# WHAT IS NEEDED
Write out the full listing exactly as given, minus the images.

# INPUT DATA
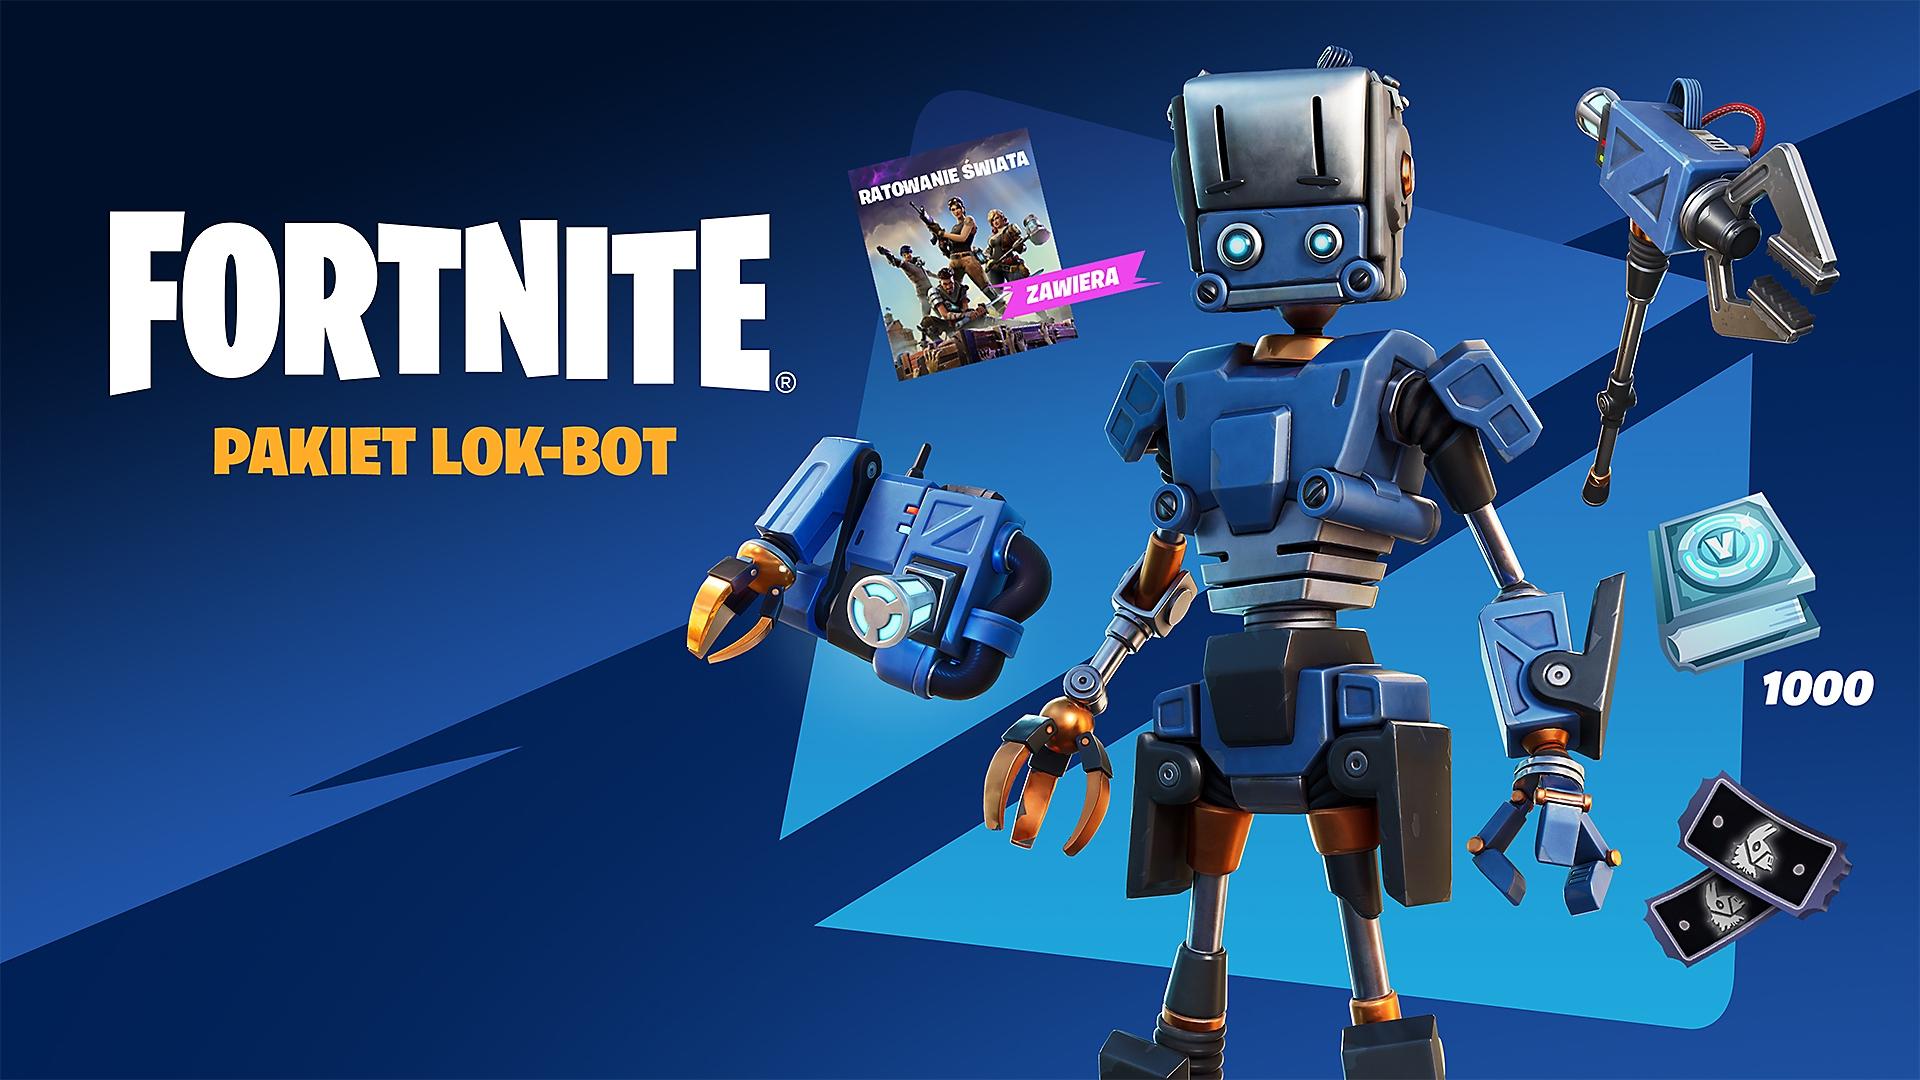 Pakiet Lok-Bot
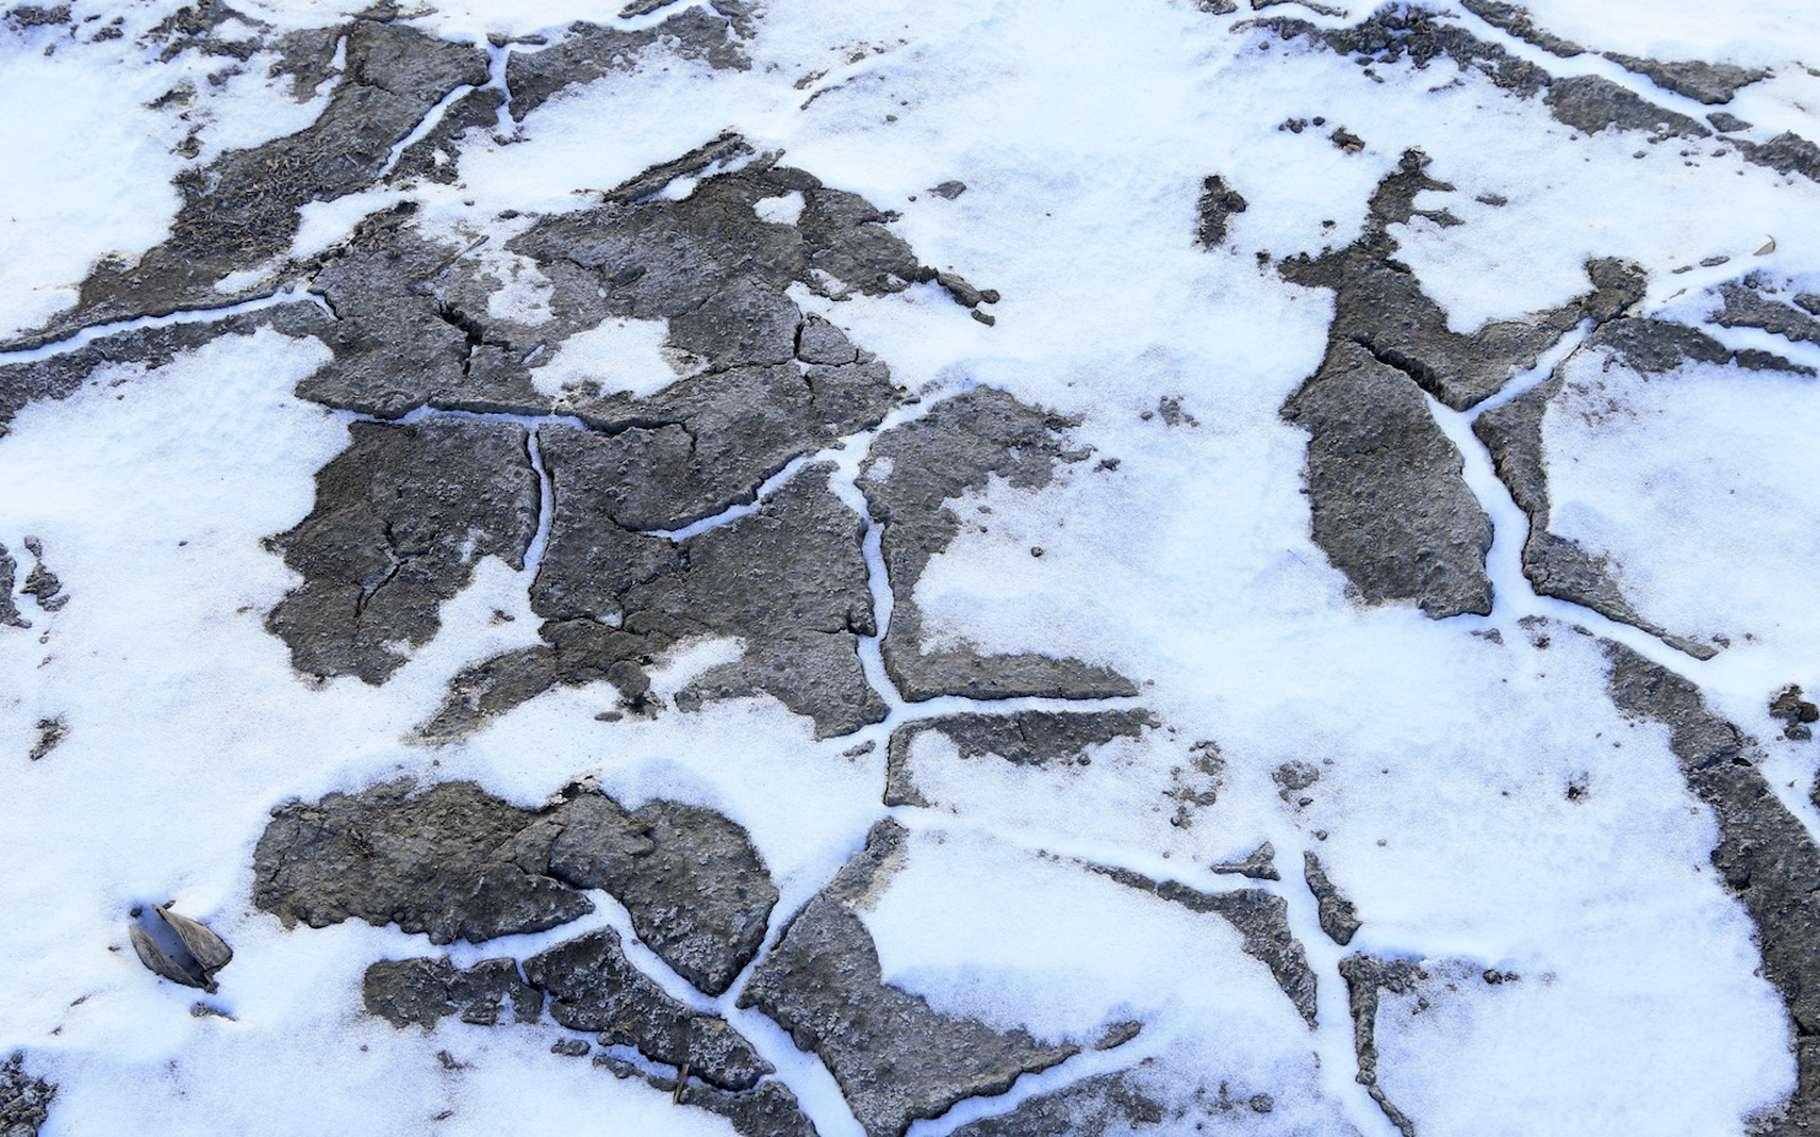 Une expédition a découvert que le permafrost des îles arctiques du Canada a commencé à fondre près de 70 ans plus tôt que prévu. © YuanGeng, Fotolia
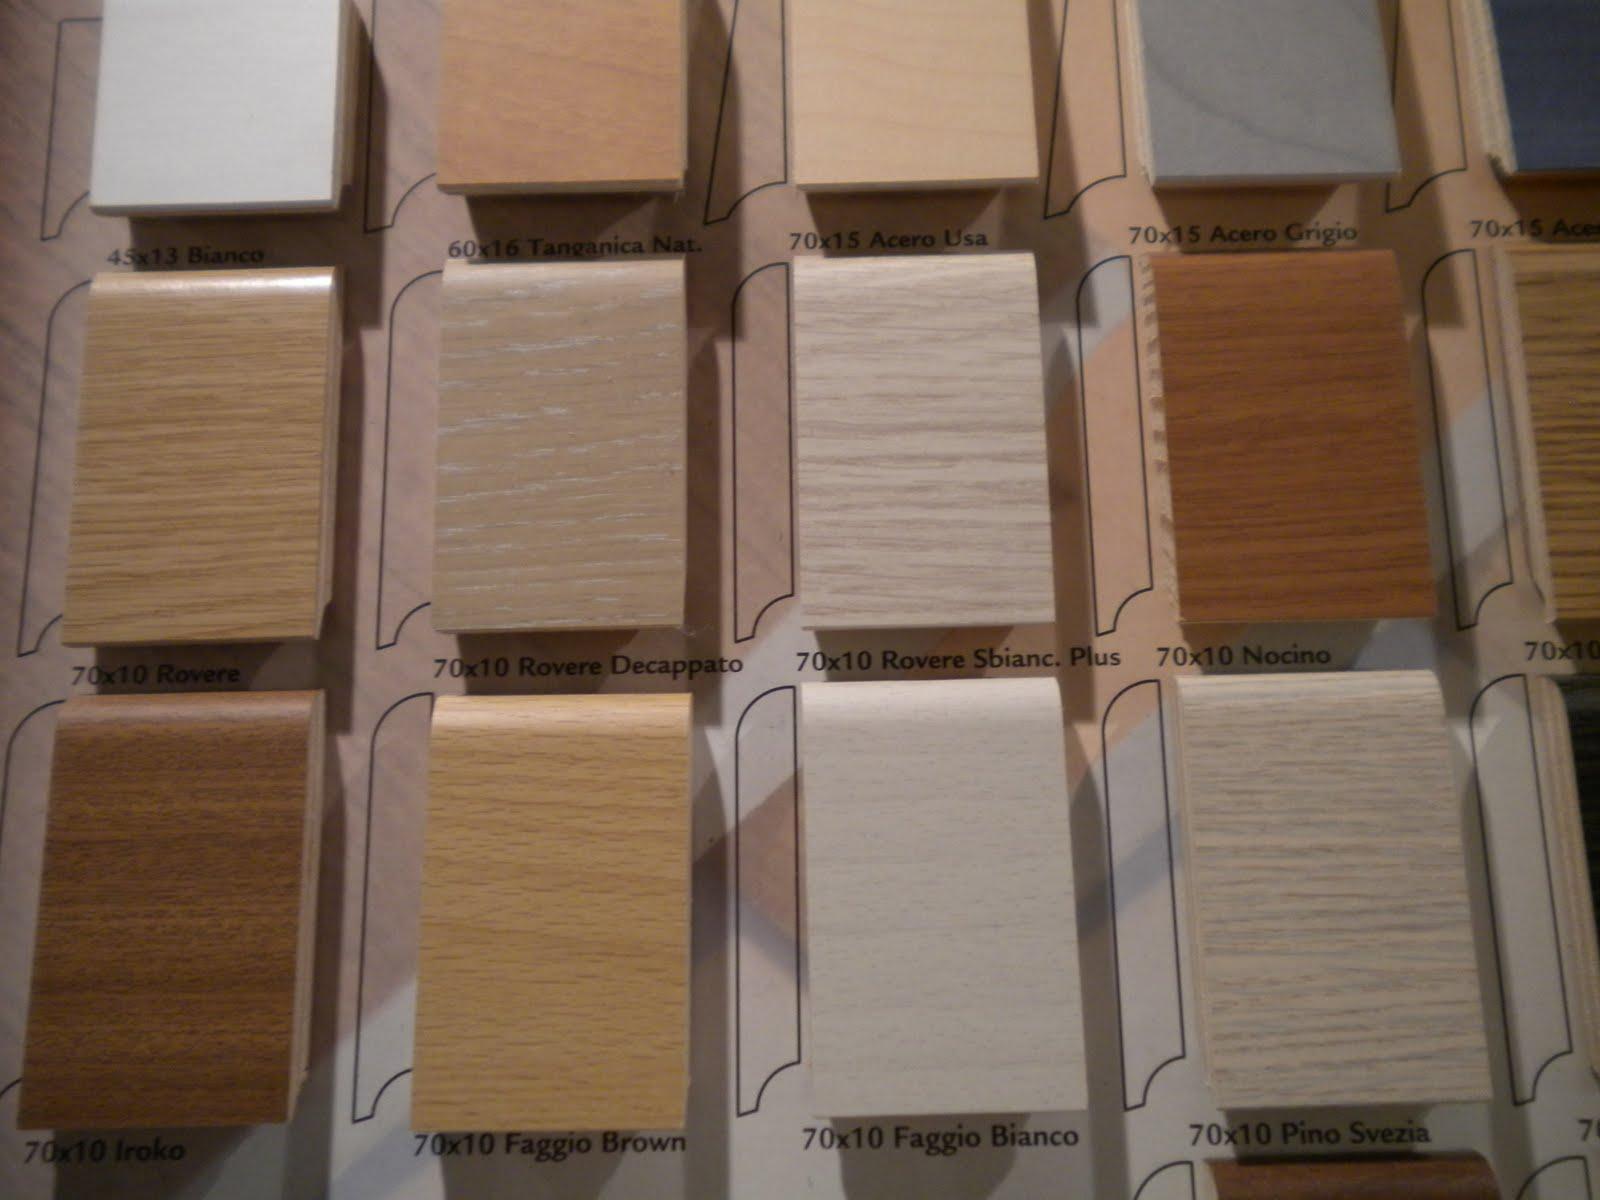 Battiscopa legno 70x10 promonwood 25 essenze all incl ebay for Parquet in pvc ikea

# RESULT BELOW
 Pakiet Lok-Bot
 Une expédition a découvert que le permafrost des îles arctiques du Canada a commencé à fondre près de 70 ans plus tôt que prévu. © YuanGeng, Fotolia
 Battiscopa legno 70x10 promonwood 25 essenze all incl ebay for Parquet in pvc ikea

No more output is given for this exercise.